SOURCE DATA: Begin

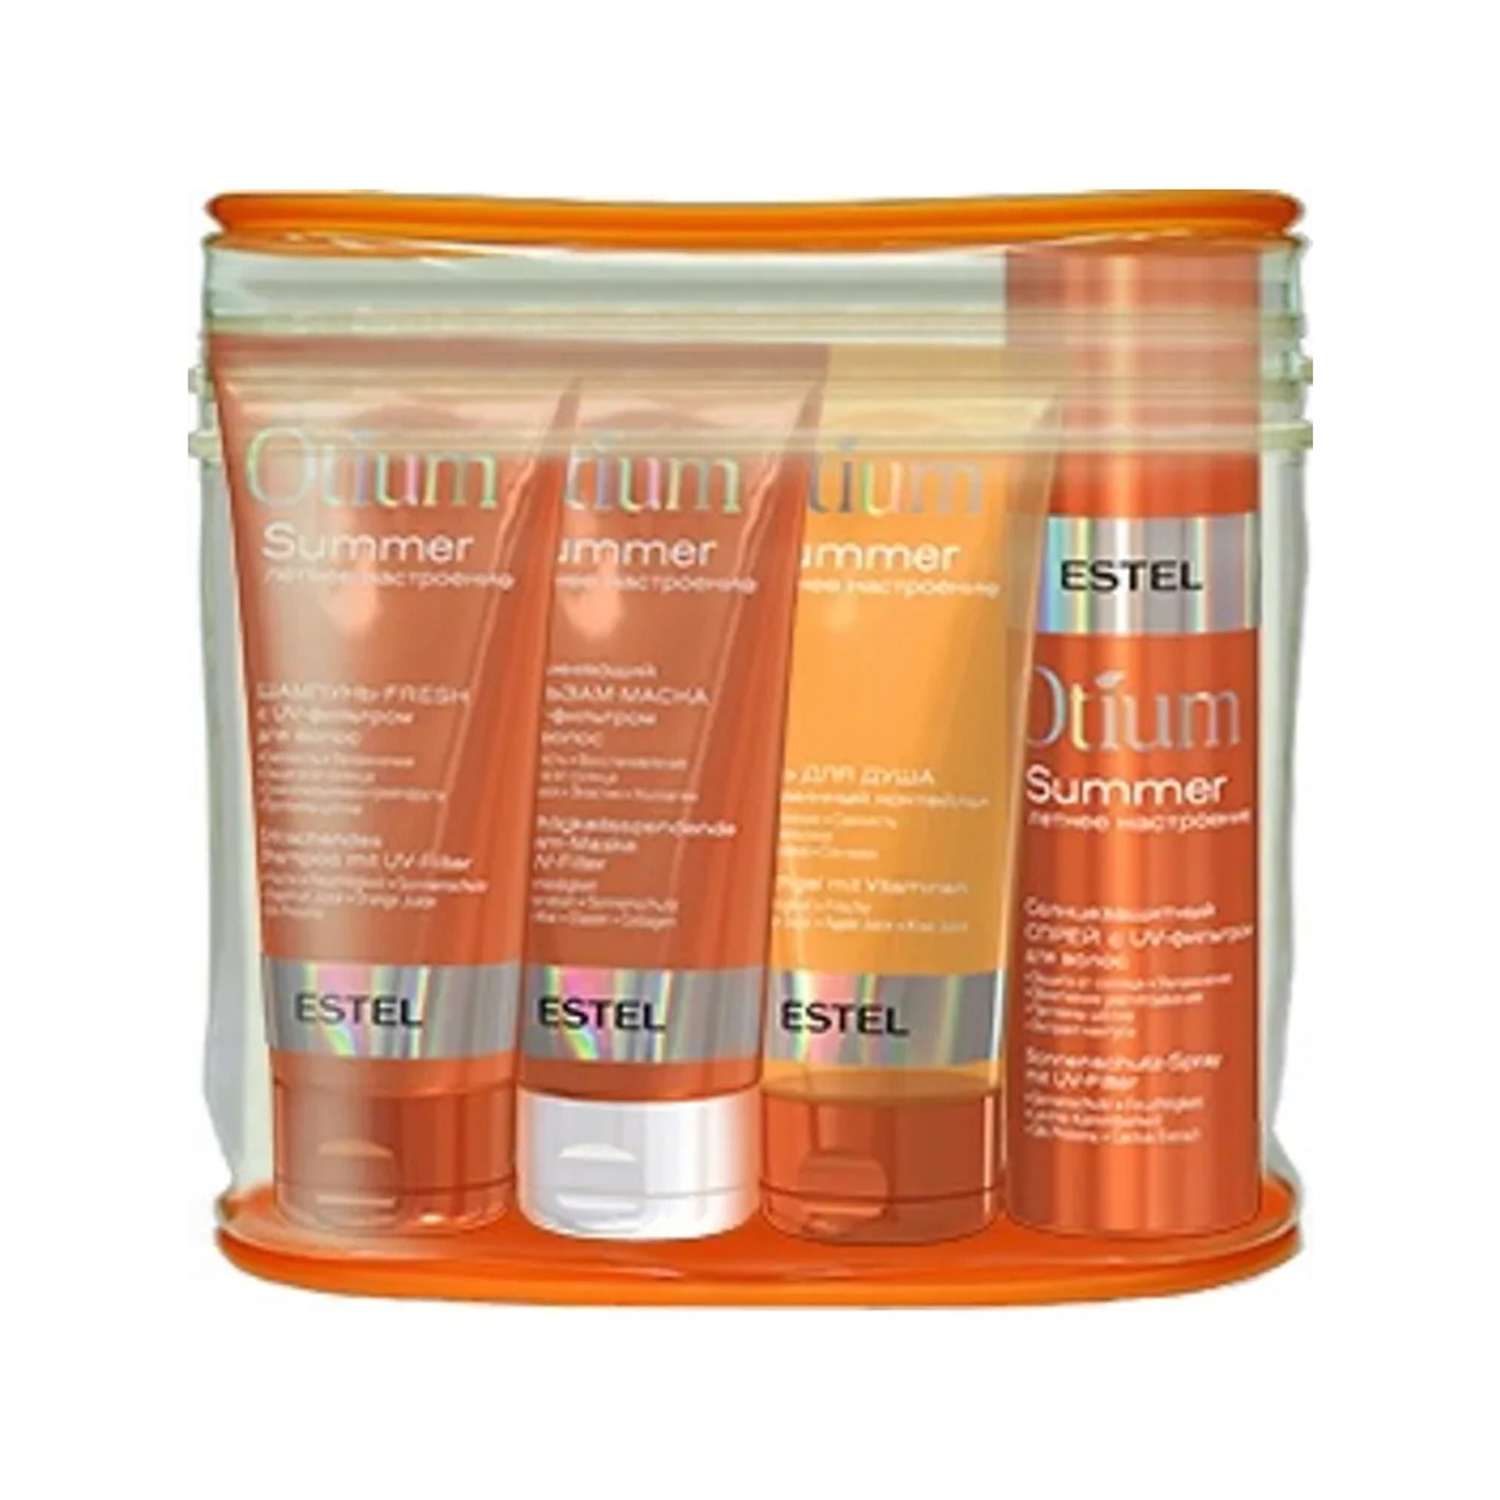 Дорожный набор Estel Professional Otium Summer для волос и тела в косметичке 4*100 мл - фото 1
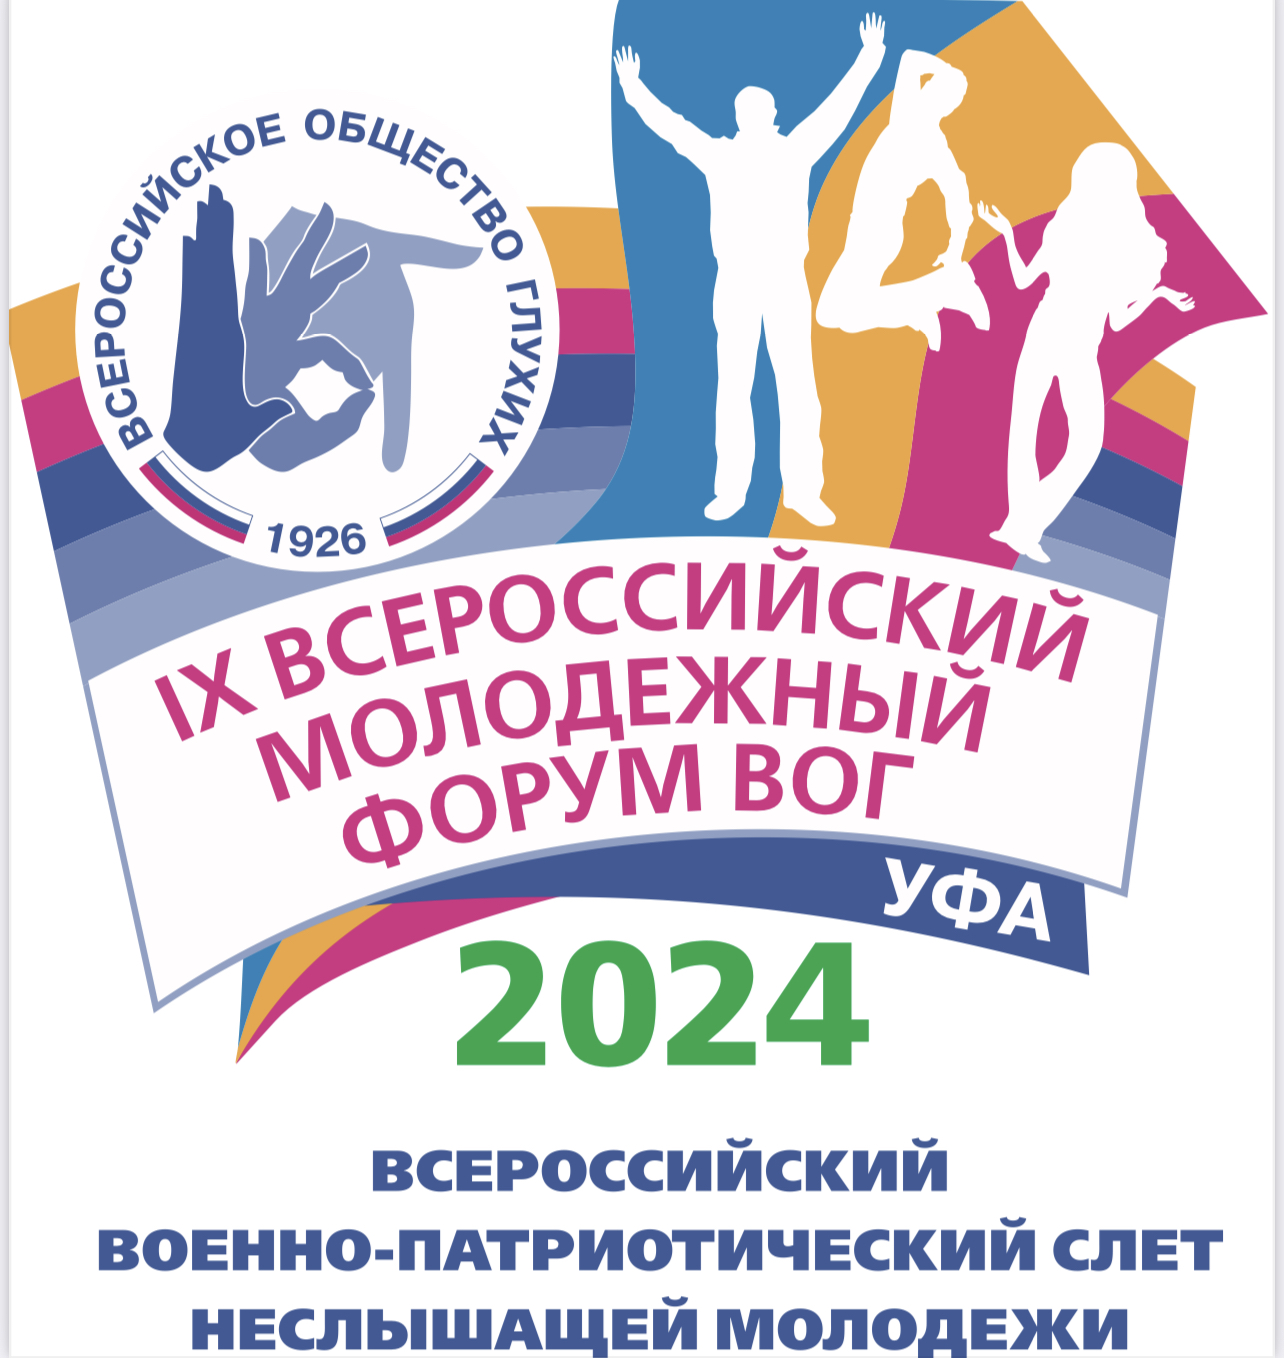 Уже сегодня вечером в парк Патриот начинают стягиваться основные силы IX Всероссийского молодёжного форума ВОГ.
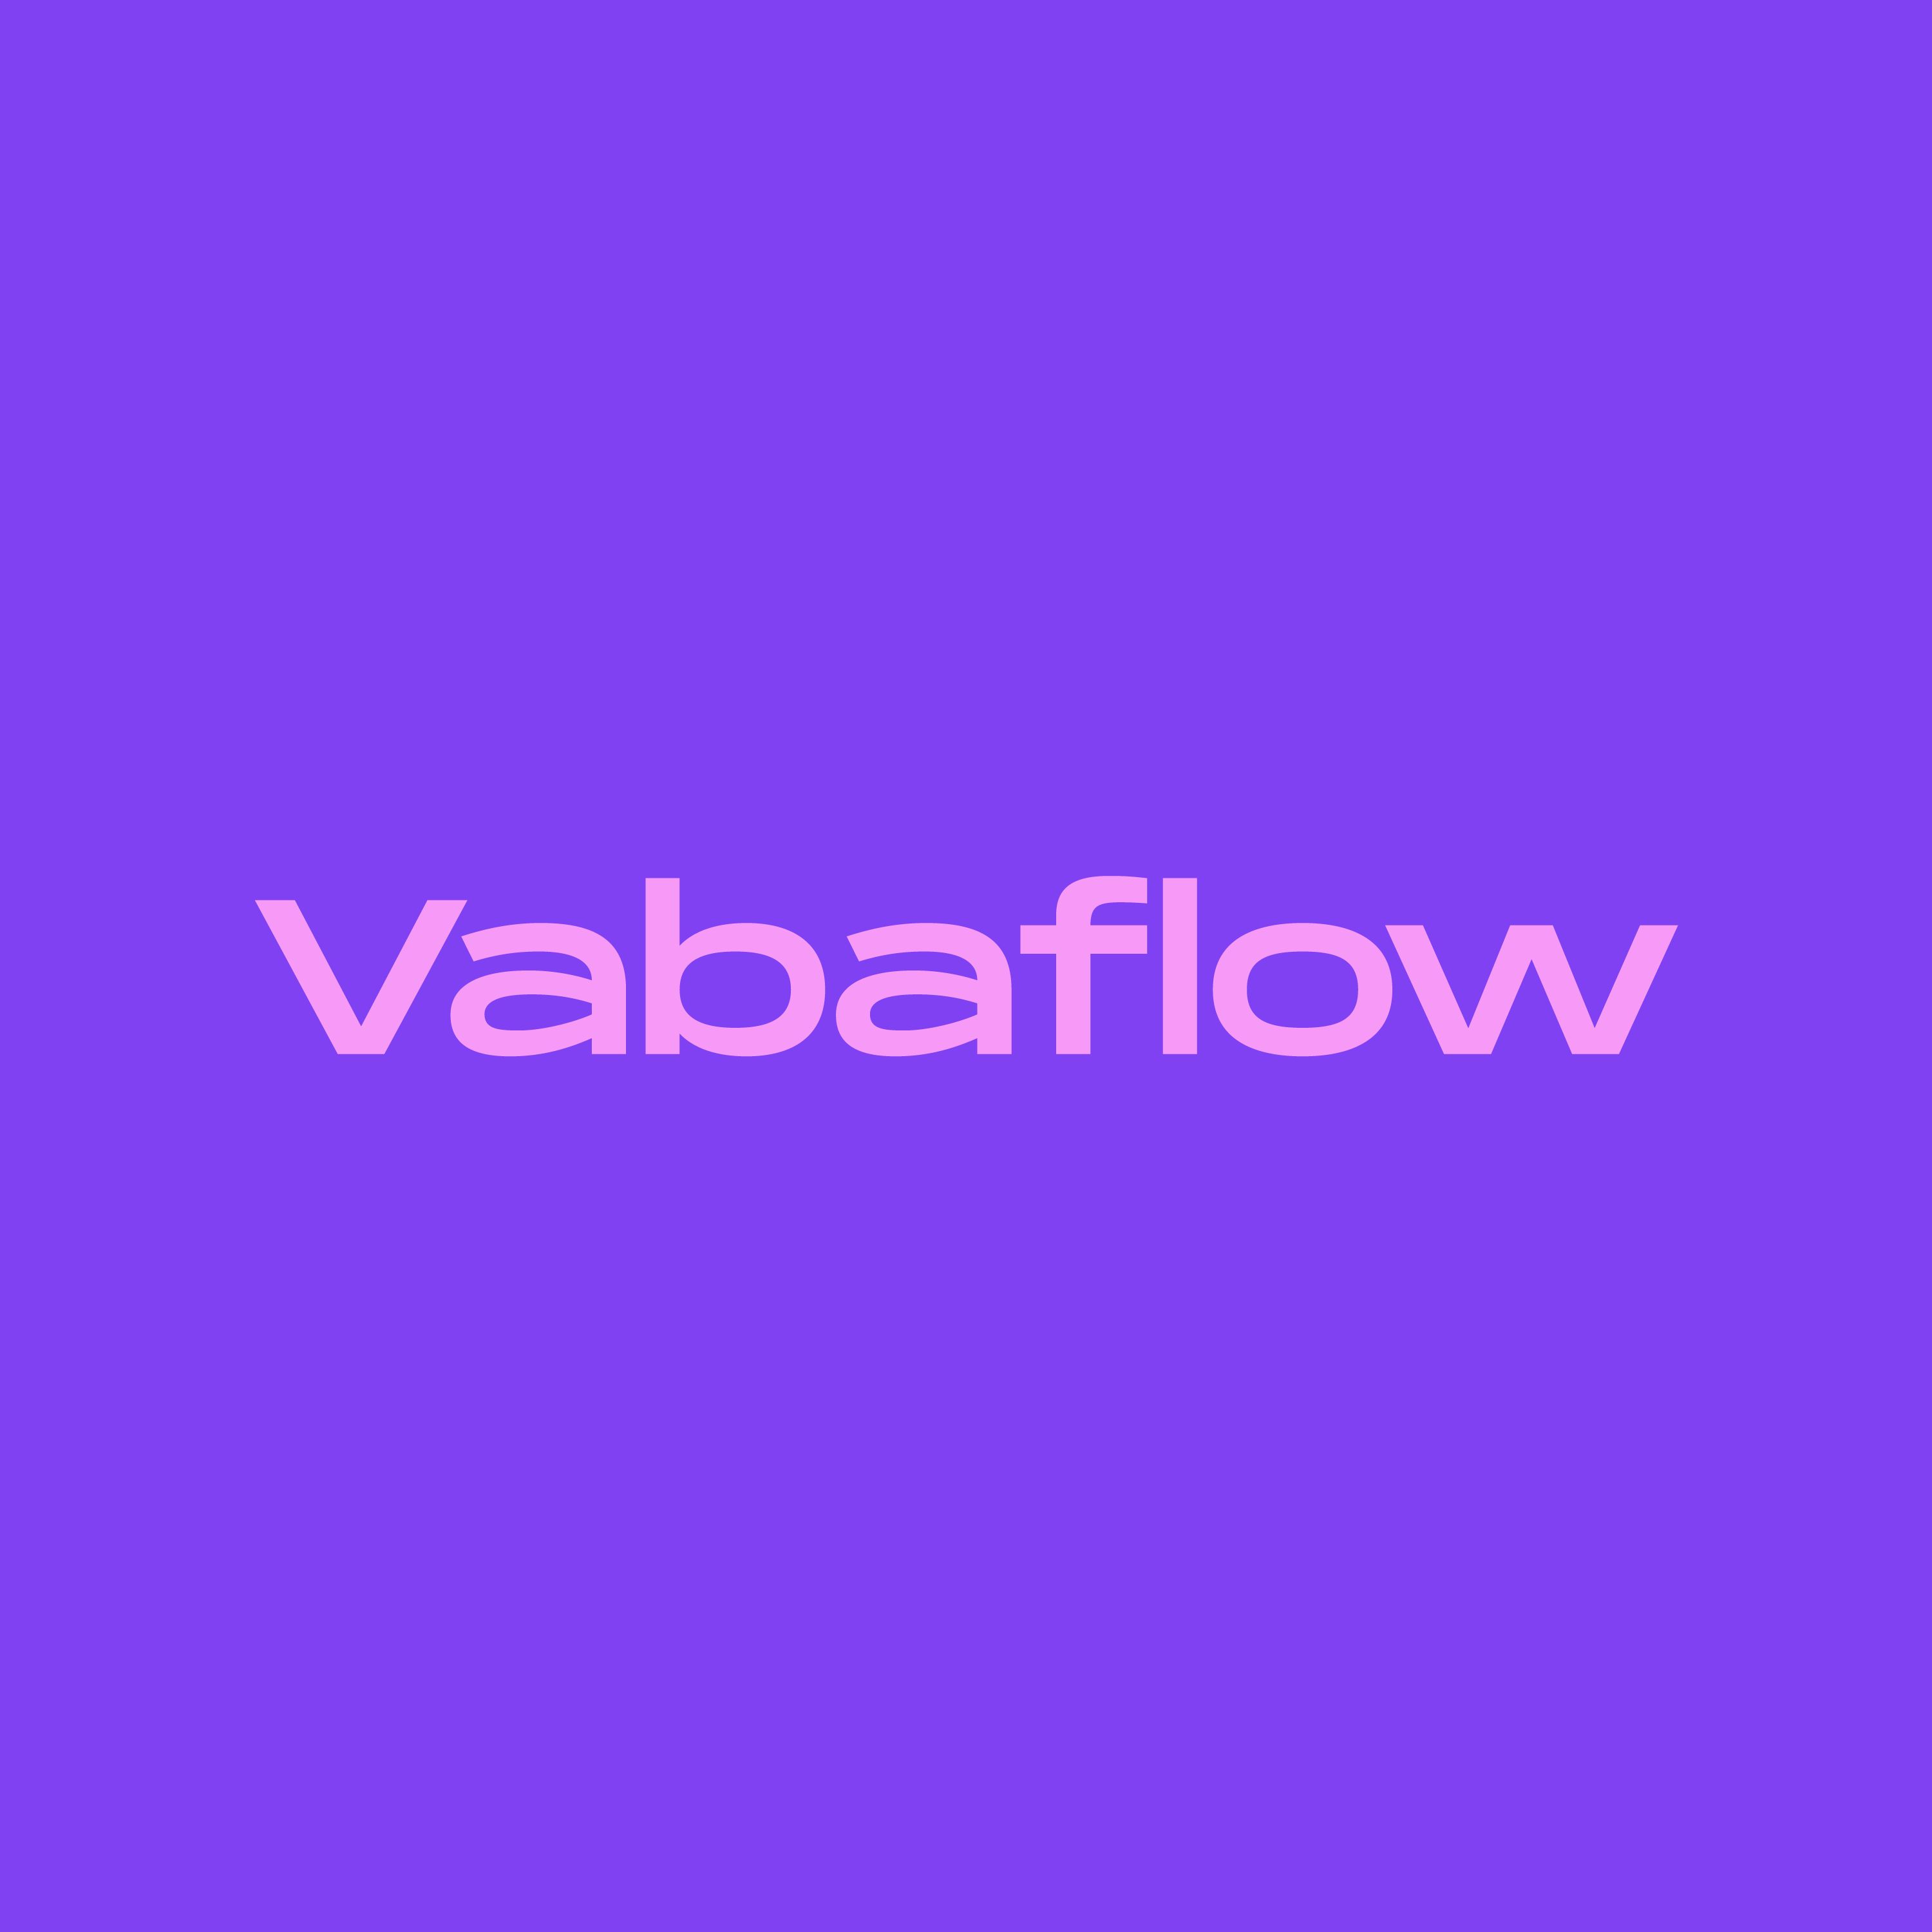 Vabaflow

SOURCE DATA: End

◆ REQUIREMENT ◆
Give back the listing exactly, with the pictures removed.

◆ EXPECTED ANSWER ◆
 Дорожный набор Estel Professional Otium Summer для волос и тела в косметичке 4*100 мл - фото 1
 Уже сегодня вечером в парк Патриот начинают стягиваться основные силы IX Всероссийского молодёжного форума ВОГ.
 Vabaflow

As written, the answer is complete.